§ **Data for review**
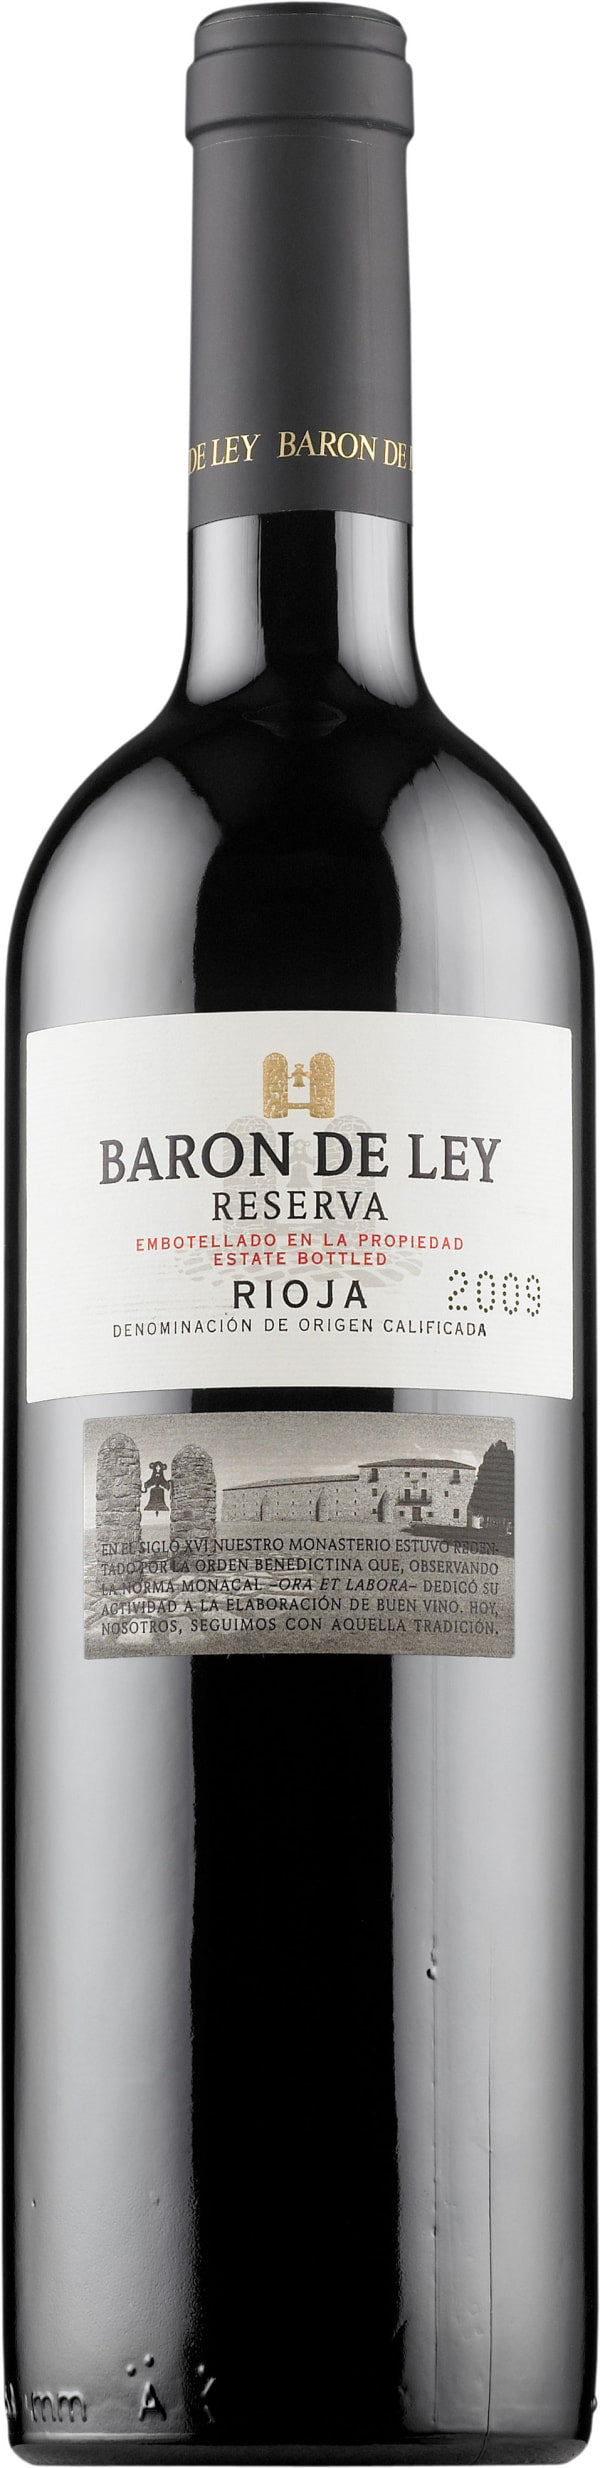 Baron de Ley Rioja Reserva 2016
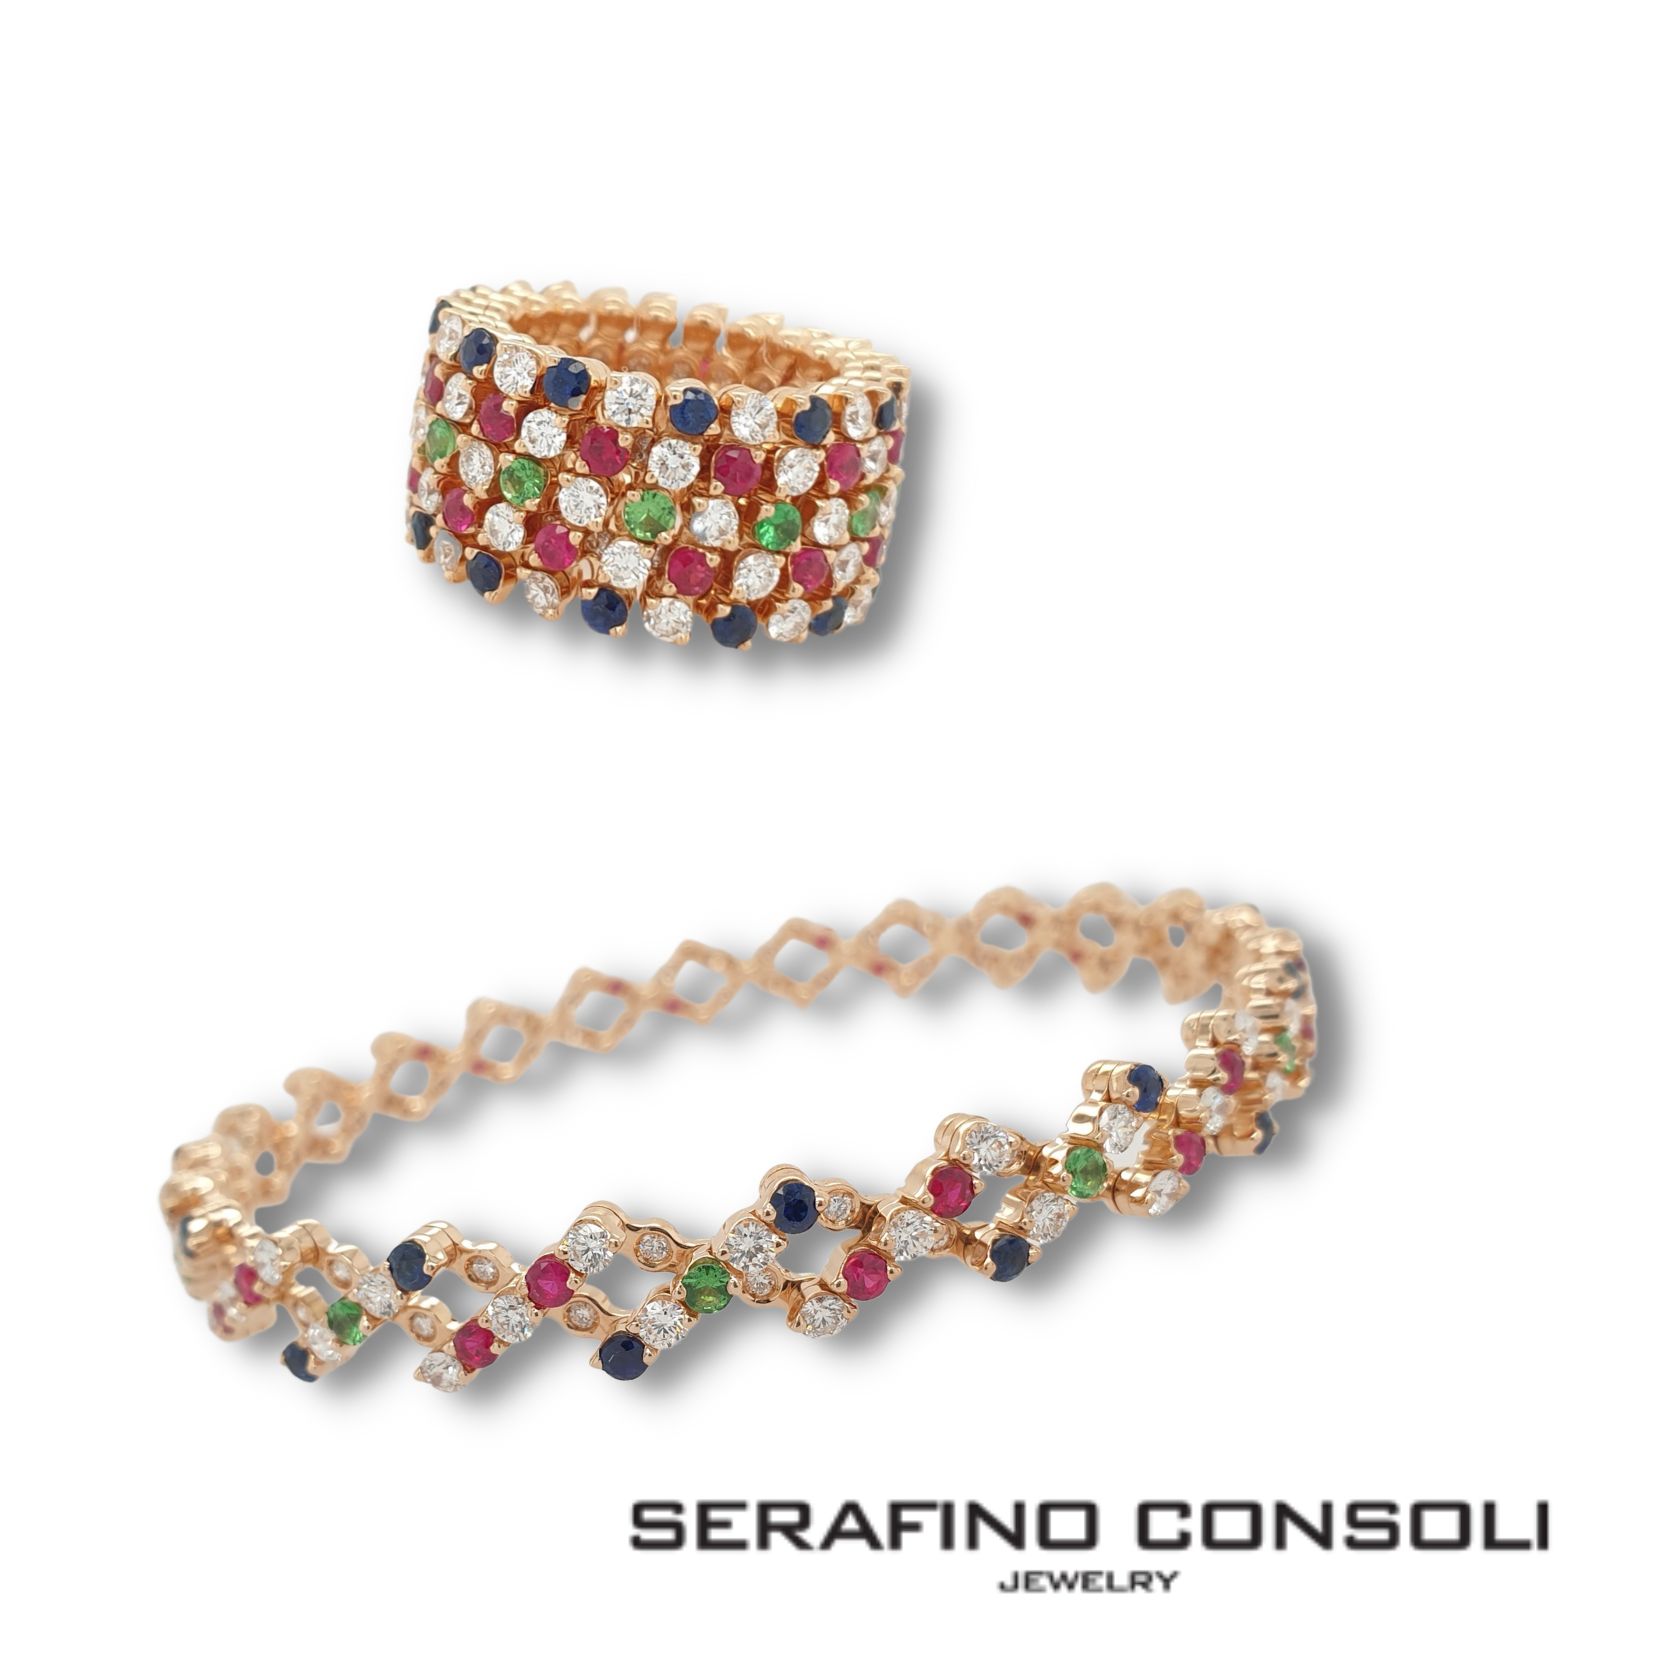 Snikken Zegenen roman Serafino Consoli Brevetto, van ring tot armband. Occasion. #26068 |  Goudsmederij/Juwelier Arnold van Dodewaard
==
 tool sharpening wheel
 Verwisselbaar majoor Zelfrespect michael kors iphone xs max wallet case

§ **About this exercise**
Using the records above, write out exactly the lines between the one holding "tool sharpening wheel" and the one holding "Verwisselbaar majoor Zelfrespect", inclusive; leave everything else out.

§ **Task output**
 tool sharpening wheel
 Verwisselbaar majoor Zelfrespect michael kors iphone xs max wallet case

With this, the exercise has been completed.